# Phrag Twilight Rocket Rising X Ackers Ballerina



## abapple (Jan 30, 2017)

First time bloom seedling. Have a few more in spike as well as one more open side by side to compare


----------



## Linus_Cello (Jan 30, 2017)

Lovely color. Where from?


----------



## abapple (Jan 30, 2017)

Linus_Cello said:


> Lovely color. Where from?



Chuck Acker breeding


----------



## SlipperFan (Jan 30, 2017)

Love the color.


----------



## Phrag-Plus (Jan 30, 2017)

Very nice!


----------



## abax (Jan 30, 2017)

The color is wonderful! If you ever decide to sell one
of your seedlings, I'm just a couple of states away.


----------



## NYEric (Jan 31, 2017)

Y as y besseae hybrids!


----------



## JeanLux (Jan 31, 2017)

Lucky Girl !?? Jean


----------



## terryros (Jan 31, 2017)

I think it must be Phrag Twilight 'Rising Rocket' 4N AM x Acker's Ballerina, which is Phrag Lucky Girl (registered Chuck Acker in 2016).
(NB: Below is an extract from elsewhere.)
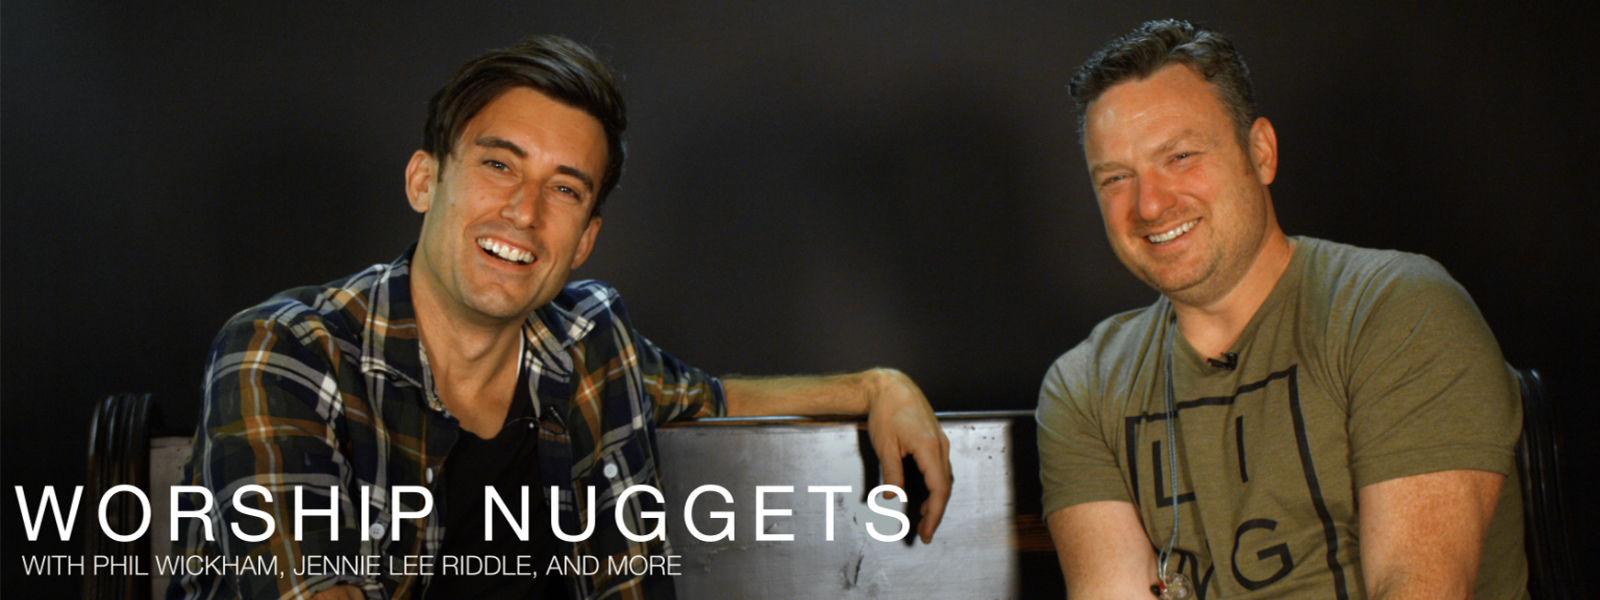 Worship Nuggets

Sent from my iPad using Tapatalk HD


----------



## Peru (Jan 31, 2017)

fantastic!


----------



## Erythrone (Jan 31, 2017)

wow!


----------



## Mark Karayannis (Jan 31, 2017)

Love it for its first flowering


----------



## Wamboozi (Jan 31, 2017)

Gorgeous color and shape!


----------



## NYEric (Jan 31, 2017)

If that's labeled correctly, it's much nicer than the one on her website! If I don't already have one, I may have to get one.


----------



## abapple (Feb 3, 2017)

*Third girl uo*



abapple said:


> First time bloom seedling. Have a few more in spike as well as one more open side by side to compare






Need input which one is best? I like my newest post


----------



## Migrant13 (Feb 3, 2017)

Both are good but I think I like the second one in terms of overall proportions (shape and symmetry are spot on). Color for both is excellent.


----------



## SlipperFan (Feb 3, 2017)

I agree.


----------



## Ozpaph (Feb 4, 2017)

they are both very pretty


----------



## SlipperKing (Feb 7, 2017)

2 or 3 plants? Any rate the last PIC unless it starts doing crazy things with the segments


----------



## abapple (Feb 7, 2017)

SlipperKing said:


> 2 or 3 plants? Any rate the last PIC unless it starts doing crazy things with the segments



When it opened everything was recoiled backwards, but within 2 days it went from the ugly duckling to the swan!


----------



## Achamore (Feb 8, 2017)

The colour as well as shape is fabulous. I like the first one the most, like a pink Don Wimber.


----------



## troy (Feb 8, 2017)

Sweet!!


----------